• [RECORDS PROVIDED]:
######

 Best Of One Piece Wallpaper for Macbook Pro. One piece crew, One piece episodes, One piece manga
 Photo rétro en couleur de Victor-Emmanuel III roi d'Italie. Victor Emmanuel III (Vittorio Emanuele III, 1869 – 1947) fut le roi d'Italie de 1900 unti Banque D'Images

######

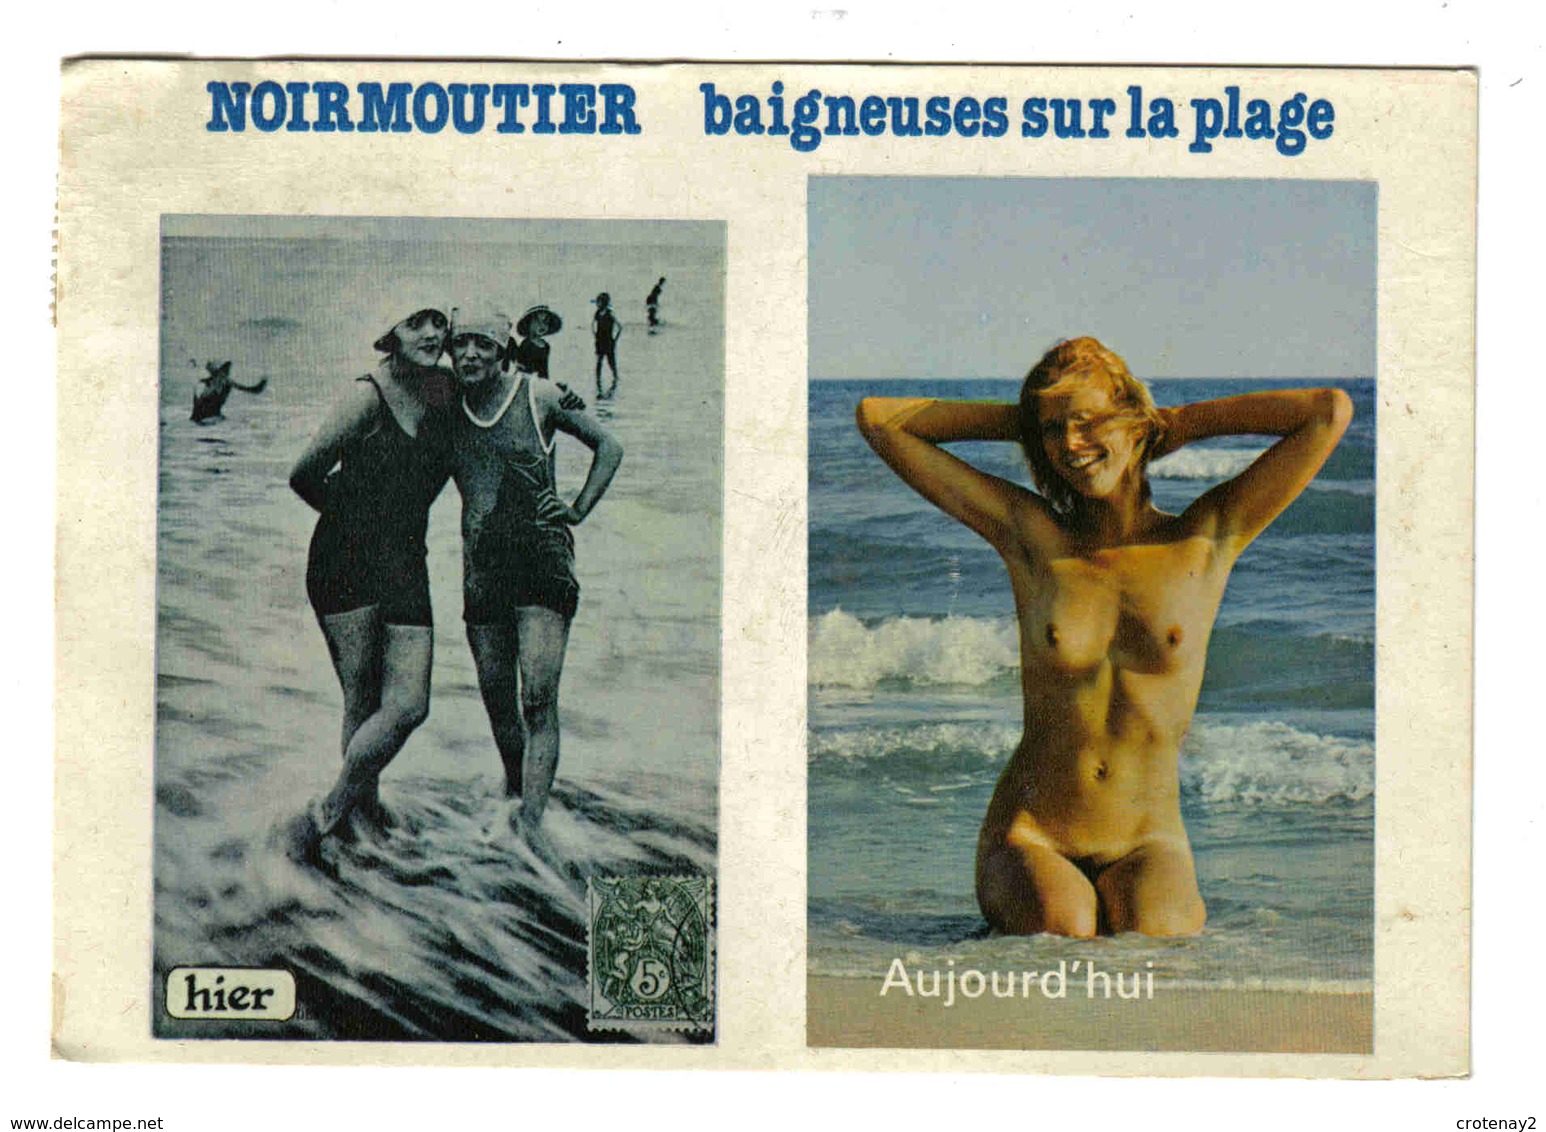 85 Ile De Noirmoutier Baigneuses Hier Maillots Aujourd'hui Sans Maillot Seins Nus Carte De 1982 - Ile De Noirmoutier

######

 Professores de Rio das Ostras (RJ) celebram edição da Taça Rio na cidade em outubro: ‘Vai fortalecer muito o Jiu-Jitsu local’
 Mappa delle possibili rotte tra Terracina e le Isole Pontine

######

Everything in the material above from the line that has "Professores de Rio" through the line that has "Mappa delle possibili" must be duplicated exactly, with no other lines given.

• [FINISHED EXERCISE]:
 Professores de Rio das Ostras (RJ) celebram edição da Taça Rio na cidade em outubro: ‘Vai fortalecer muito o Jiu-Jitsu local’
 Mappa delle possibili rotte tra Terracina e le Isole Pontine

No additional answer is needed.